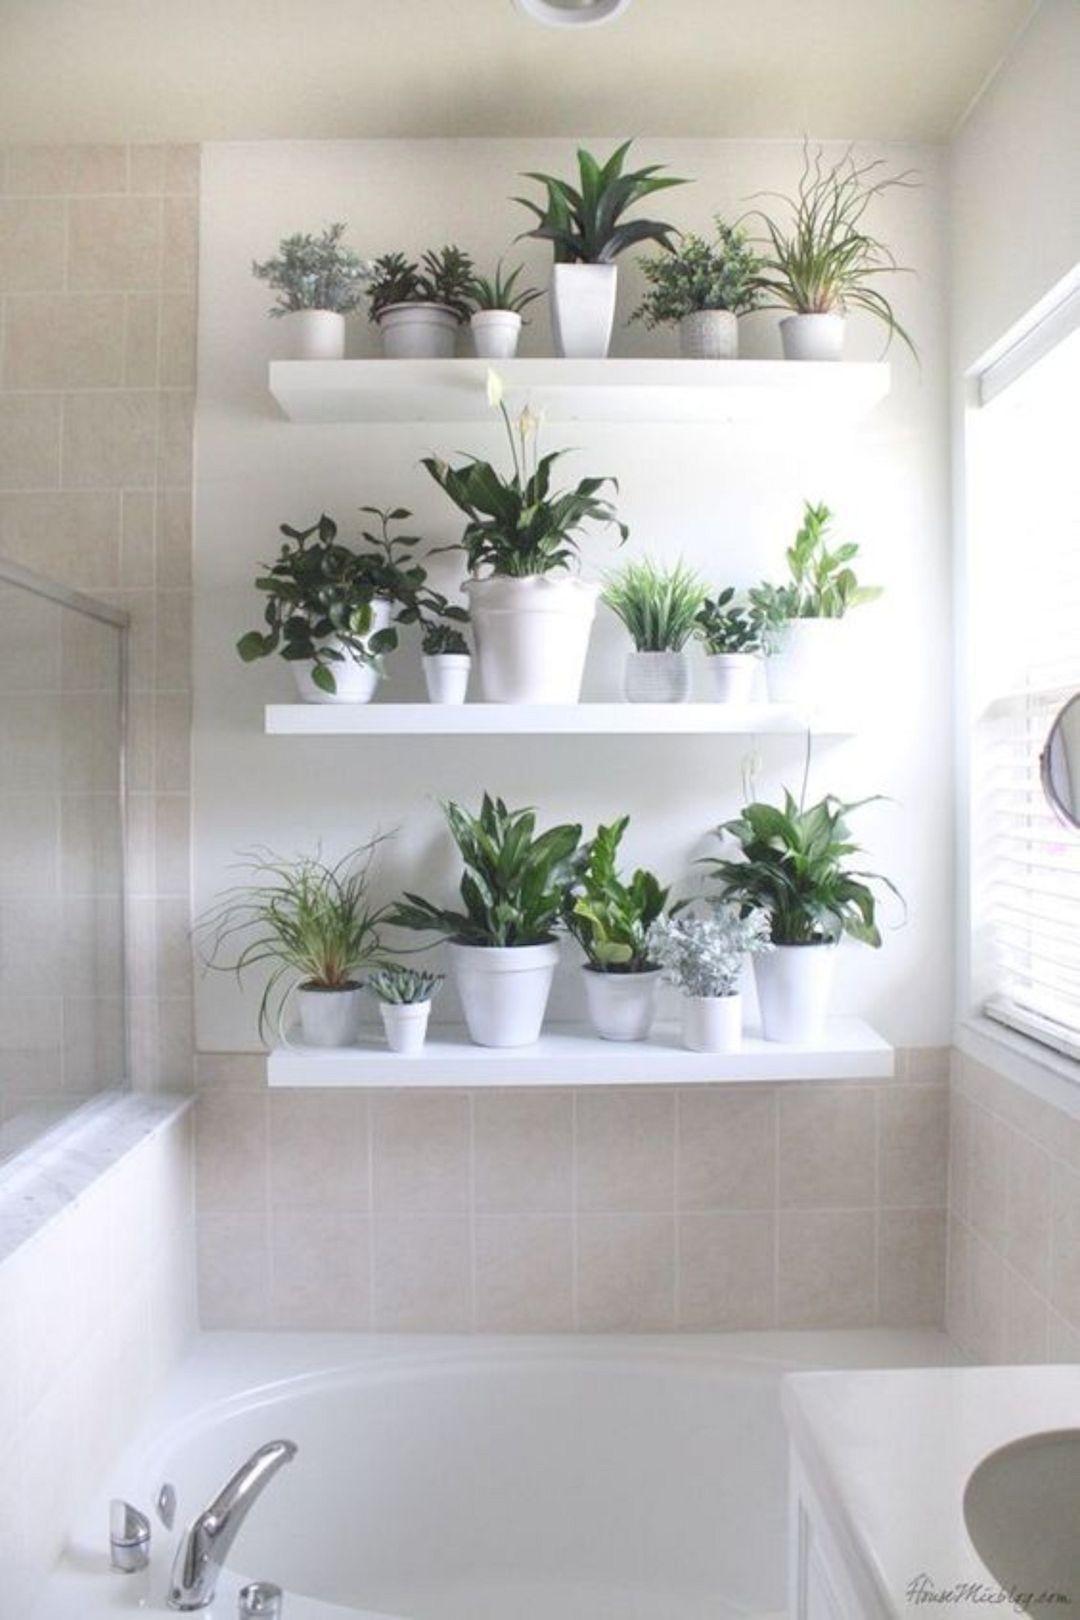 5 Mesmerizing Home Decor Ideas For Dining Room Ikea Lack Shelves Plant Wall Lack Shelf
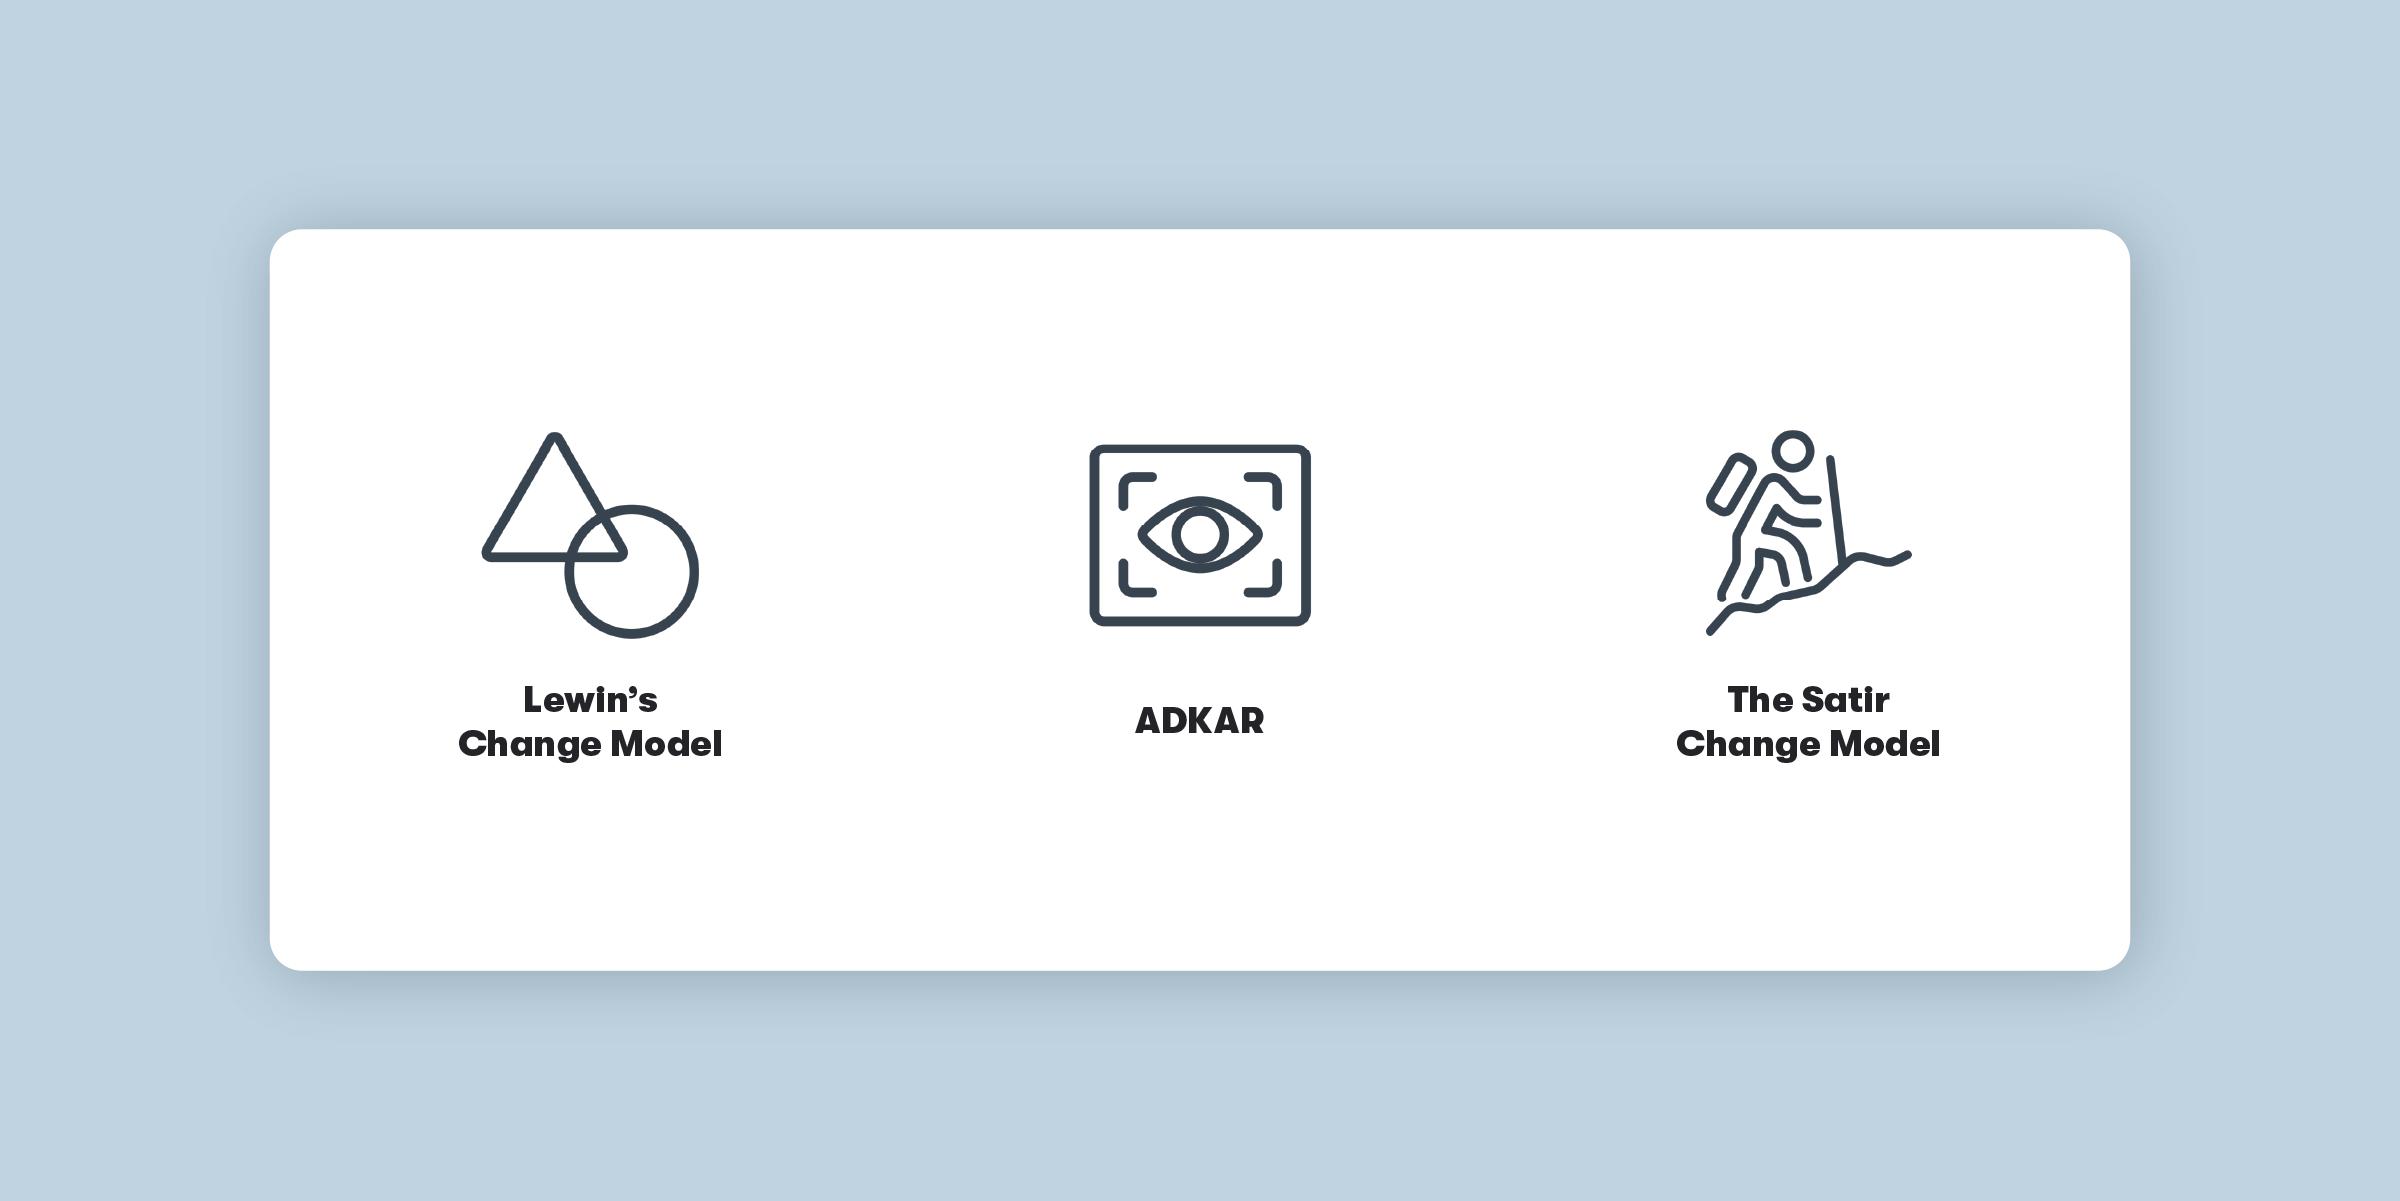 Images for each change model
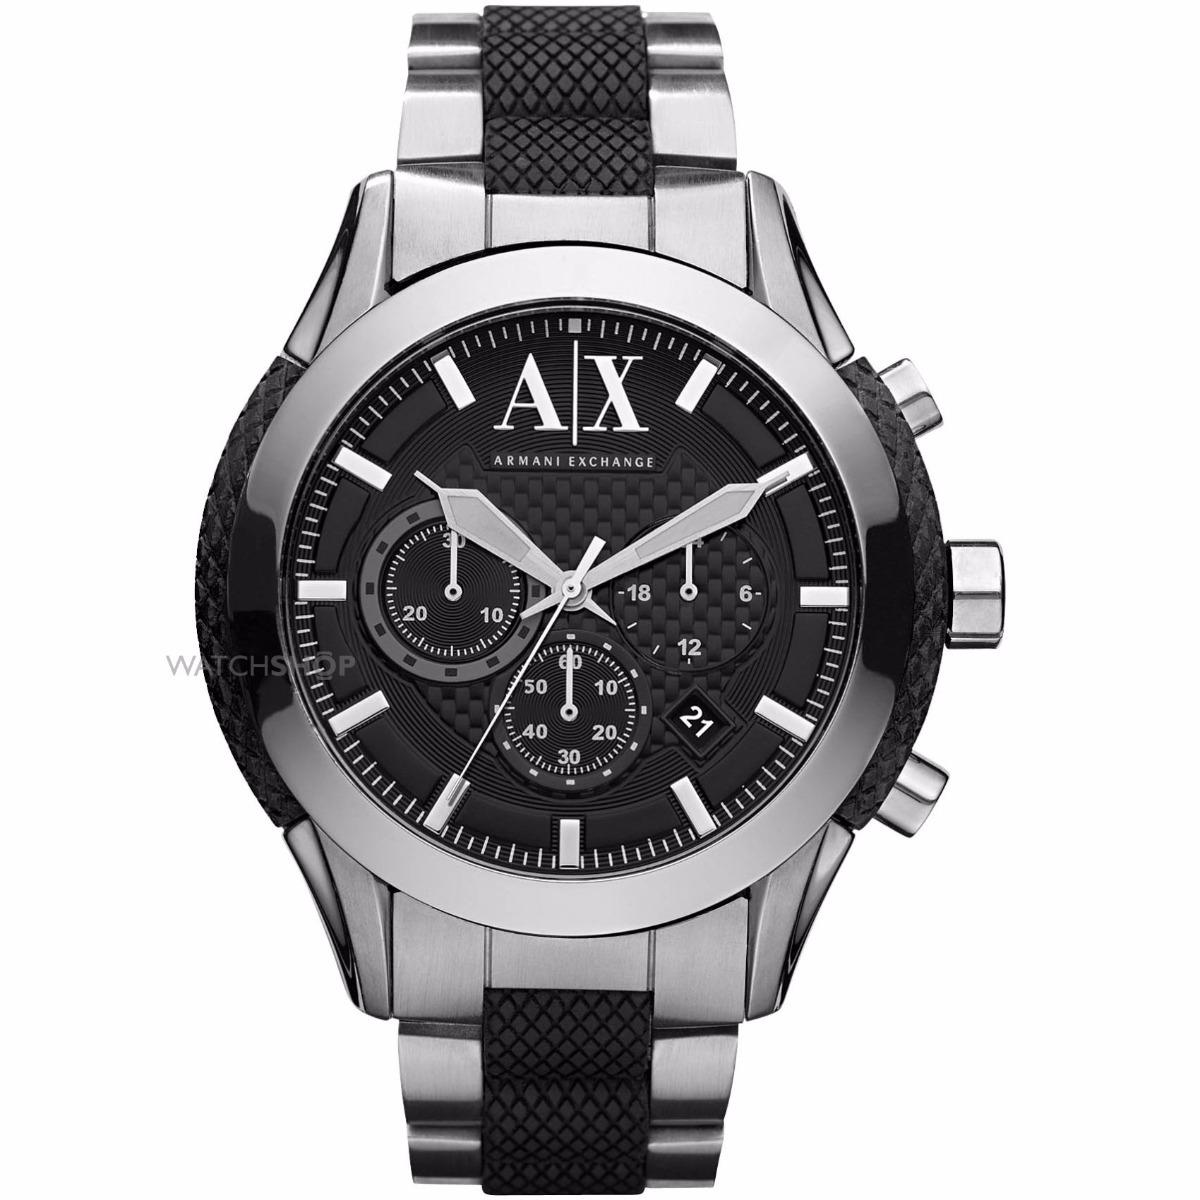 4831bc9a81d1 reloj armani exchange plateado negro ax1214 para caballero. Cargando zoom.
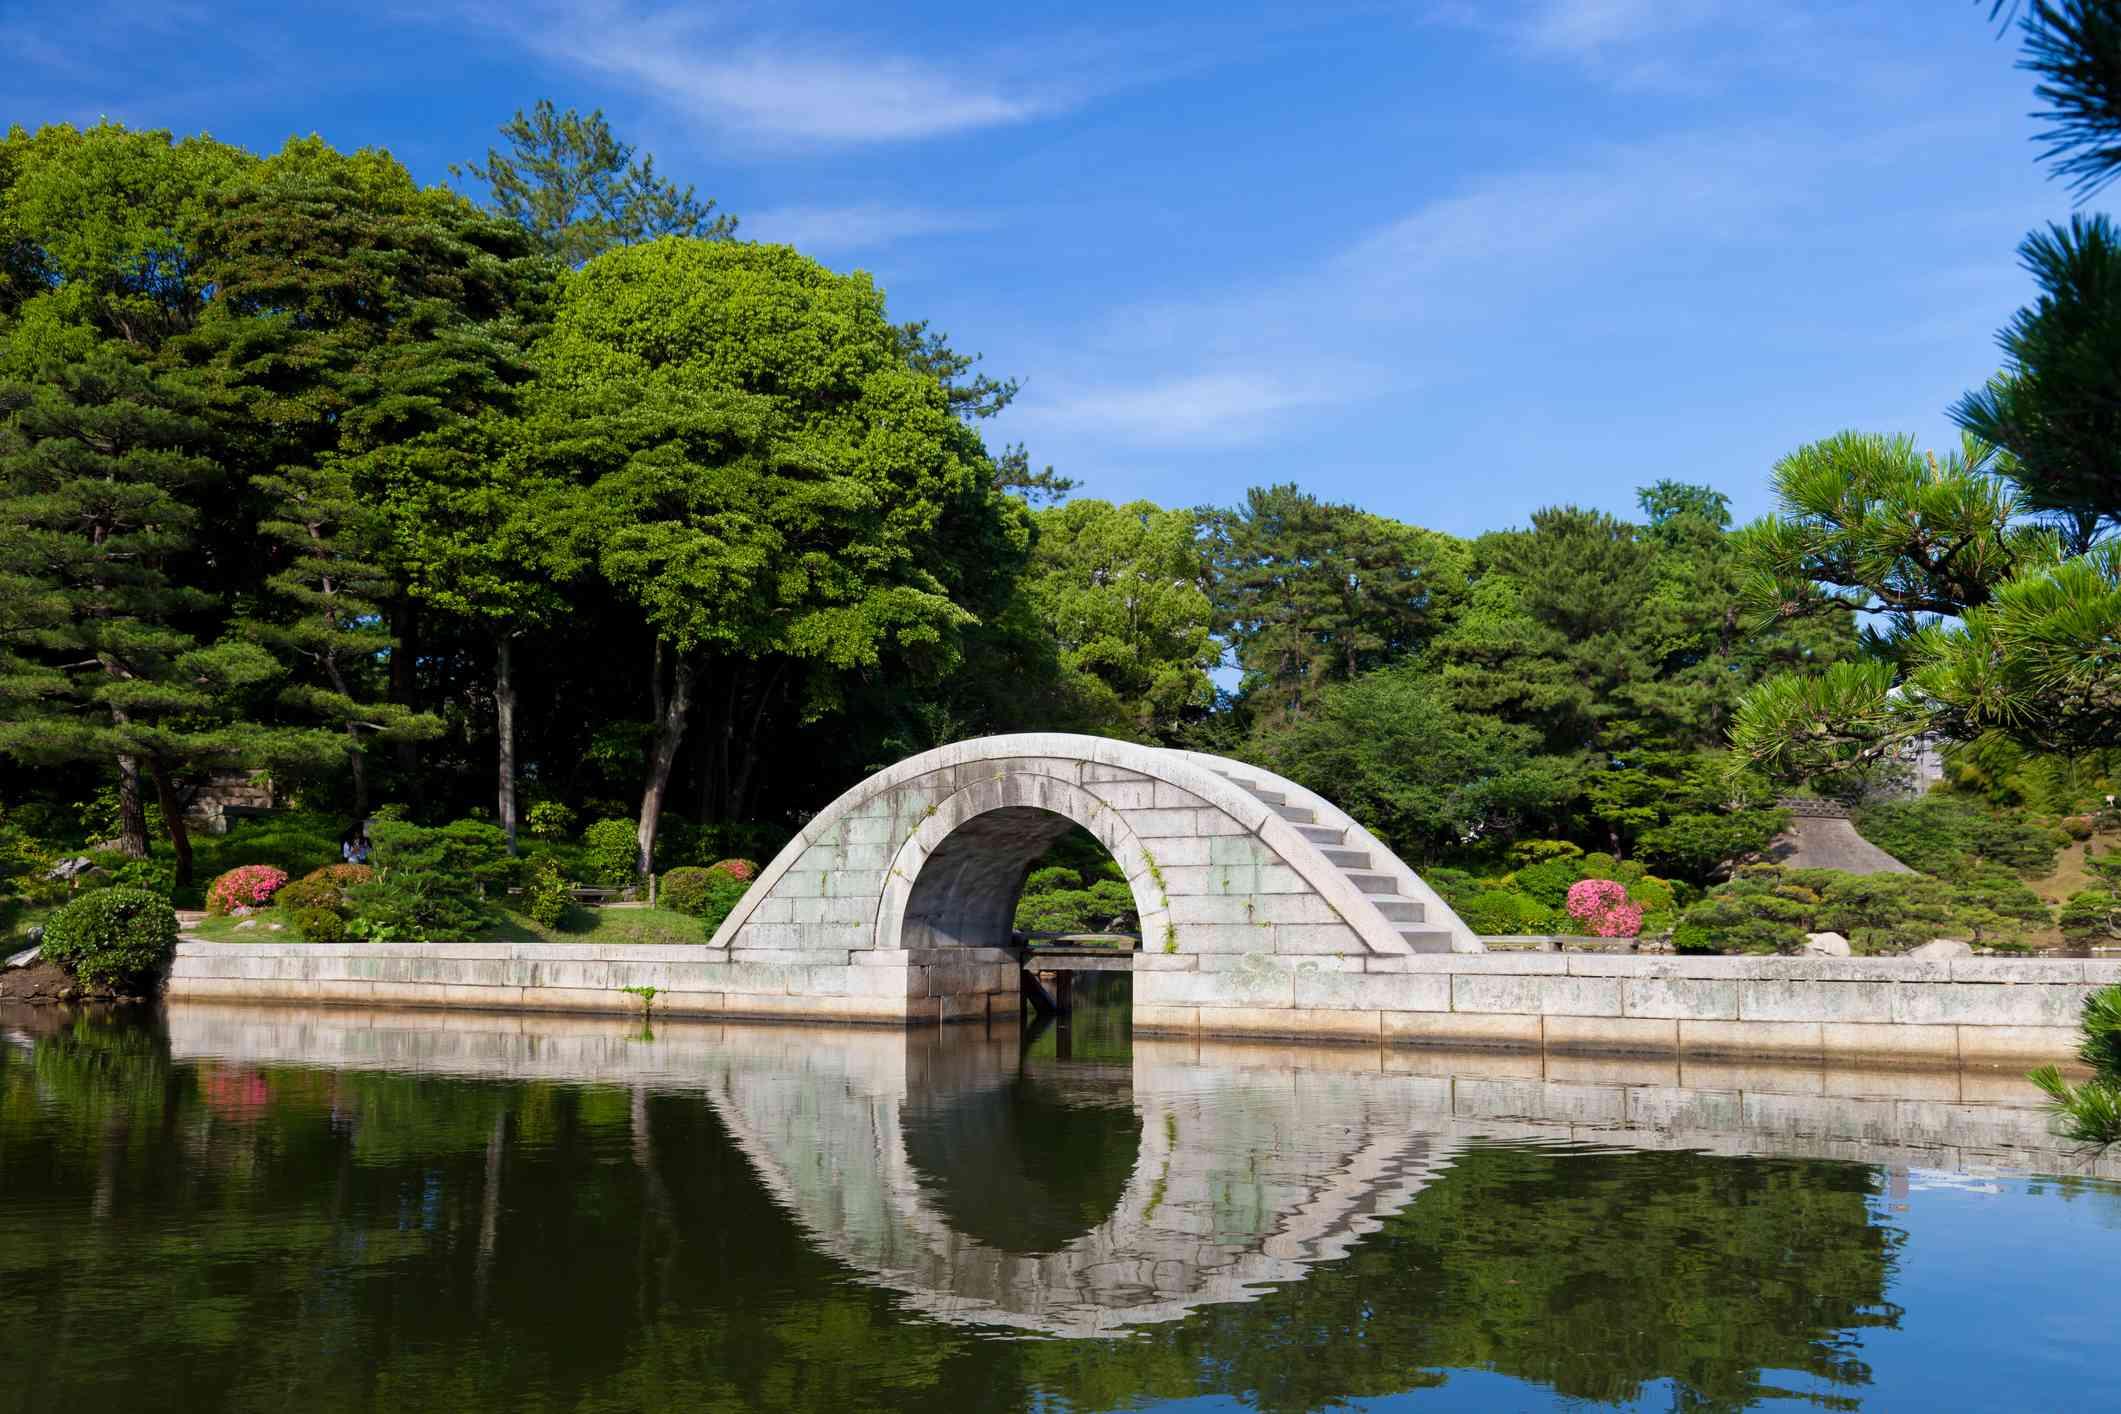 small stone bridge over a pond in a Garden in Hiroshima

REQUIRED ACTION
All of the preceding material should be output verbatim, with the pictures excluded.

YOUR RESPONSE
 5 Mesmerizing Home Decor Ideas For Dining Room Ikea Lack Shelves Plant Wall Lack Shelf
 Images for each change model
 4831bc9a81d1 reloj armani exchange plateado negro ax1214 para caballero. Cargando zoom.
 small stone bridge over a pond in a Garden in Hiroshima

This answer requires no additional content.